▶ **TASK PROMPT**
I'd like every line from the material below that has "with" in it.

▶ **GIVEN DATA**
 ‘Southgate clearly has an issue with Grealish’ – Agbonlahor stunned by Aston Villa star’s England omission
* * *
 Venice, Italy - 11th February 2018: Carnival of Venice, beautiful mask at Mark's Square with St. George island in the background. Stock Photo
---
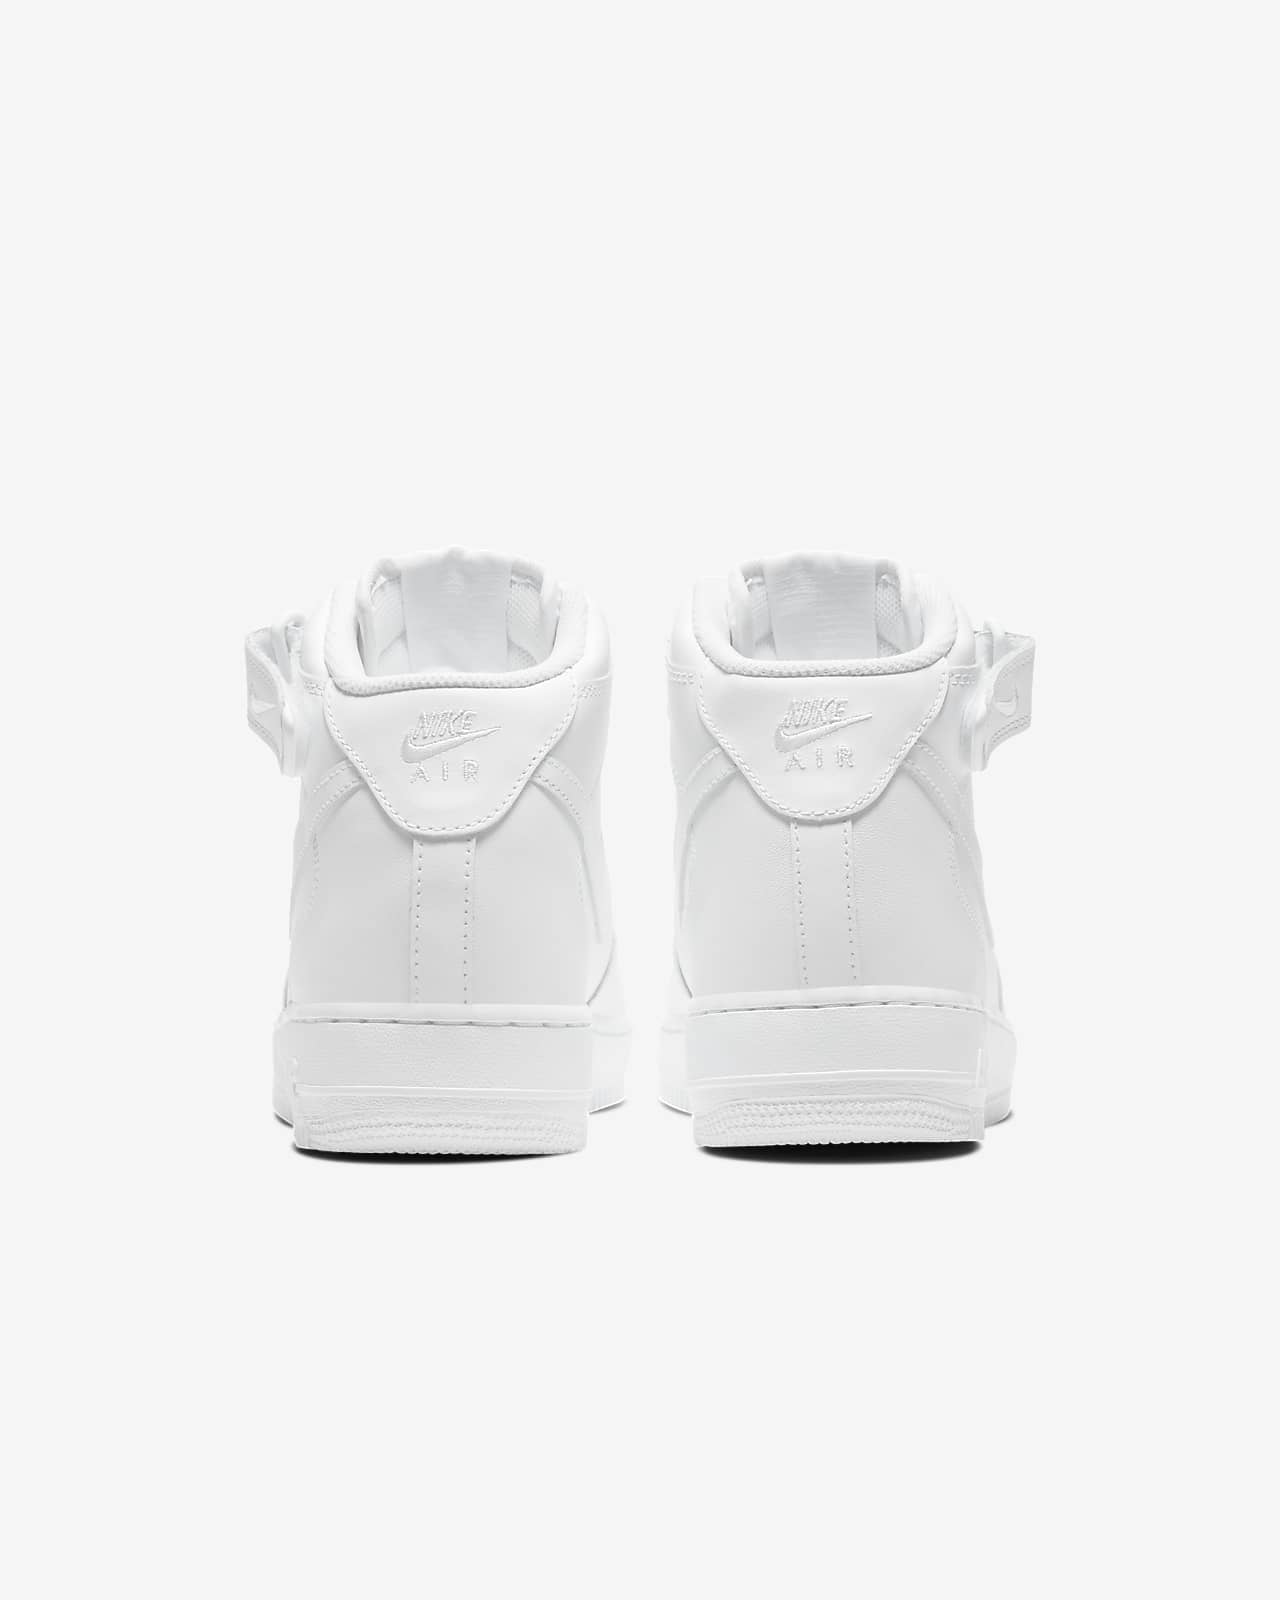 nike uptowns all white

▶ **COMPLETED TASK**
 ‘Southgate clearly has an issue with Grealish’ – Agbonlahor stunned by Aston Villa star’s England omission
 Venice, Italy - 11th February 2018: Carnival of Venice, beautiful mask at Mark's Square with St. George island in the background. Stock Photo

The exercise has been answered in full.